Closed steve-bate closed 1 month ago
According to Section 4.1, a request is malformed if the resource is not percent-encoded. So HTTP GET on:
https://example.com/.well-known/webfinger?resource=acct:user@example.com
should return 400 because the correct request is
https://example.com/.well-known/webfinger?resource=acct%3auser%40example.com
According to Section 4.1, a request is malformed if the resource is not percent-encoded.
My understanding is that percent-encoding is only required when a character is part of the URI "reserved" character set.
RFC 3986 (emphasis mine):
A percent-encoding mechanism is used to represent a data octet in a component when that octet's corresponding character is outside the allowed set or is being used as a delimiter of, or within, the component.

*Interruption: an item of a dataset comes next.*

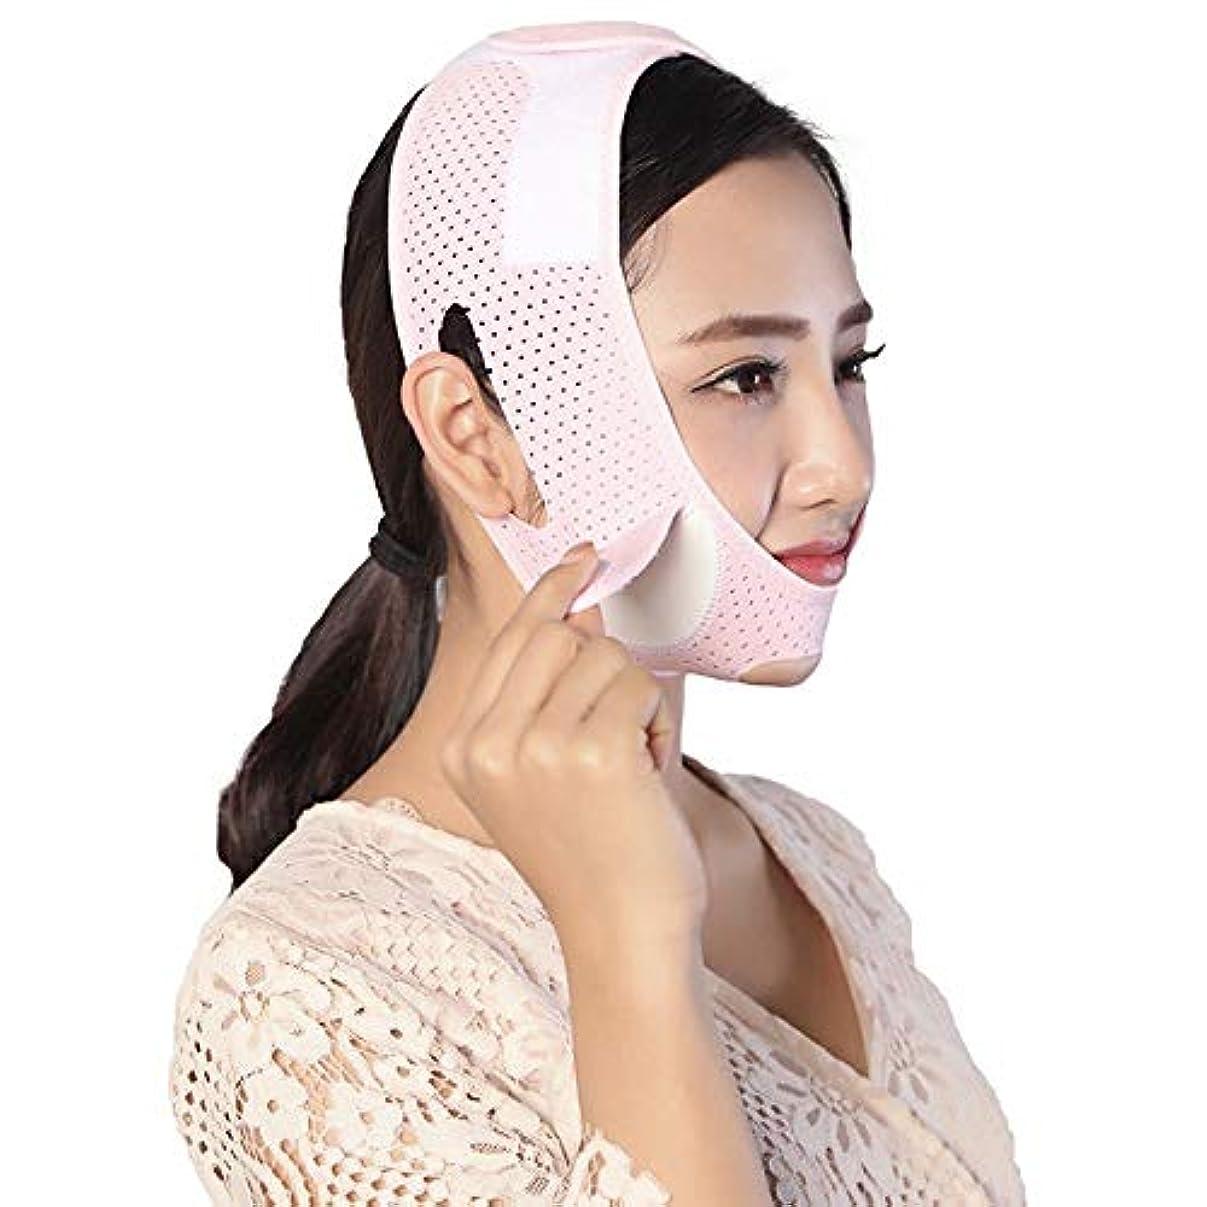 伸ばす軍団モナリザ薄い顔のバンド - 薄い顔の包帯は、ダブルの顎の法令Vをマスクするために持ち上げて睡眠マスクの通気

The "@" character, for example, is allowed so it wouldn't need to be percent-encoded.
I took the @ -> %40 and : -> %3a directly from the examples in the WebFinger RFC, assuming that if their examples encode them, there must be a reason. However, the RFC editors may have been overzealous:
According to RFC 3986 section 3 Syntax Components:
URI = scheme ":" hier-part [ "?" query ] [ "#" fragment ]
According to section 3.4 Query:
query = *( pchar / "/" / "?" )
According to section 3.3 Path:
pchar = unreserved / pct-encoded / sub-delims / ":" / "@"
On the other hand, this RFC doesn't actually specify the ?key=value
syntax. When looking that up, I come across https://url.spec.whatwg.org/#application/x-www-form-urlencoded which makes my brain hurt.
Suggest a compromise: we 1) require that servers accept non-percent-encoded :
and @
as I cannot see how it gets in the way of interop and they do appear to be allowed and 2) permit clients to not %-encode them.
which makes my brain hurt.
Likewise. ;-)
Suggest a compromise: we 1) require that servers accept non-percent-encoded
:
and@
as I cannot see how it gets in the way of interop and they do appear to be allowed and 2) permit clients to not %-encode them.
Am I reading Section 4.1 correctly? ... that "=" and "&" are the only unreserved characters that must be percent-encoded in the query? That makes sense given they are delimiters for the query params. I think if we want to test percent-encoding we need to find or create an actor with reserved characters in its user or domain name.
EDIT: A domain name can't have an "=" or "&" so the user name would be the part that might have those characters. Out of more than 180,000 user names recorded in my Mastodon instance, none of them have those characters, but it's theoretically possible.
I removed that test now. So can we close this?
Thanks.
Can you clarify how
webfinger.server.4_2__4_do_not_accept_malformed_resource_parameters::not_percent_encoded
is working?When I print
malformed_webfinger_uri
, it looks like a valid webfinger URI. The 200 status code is what I'd expect.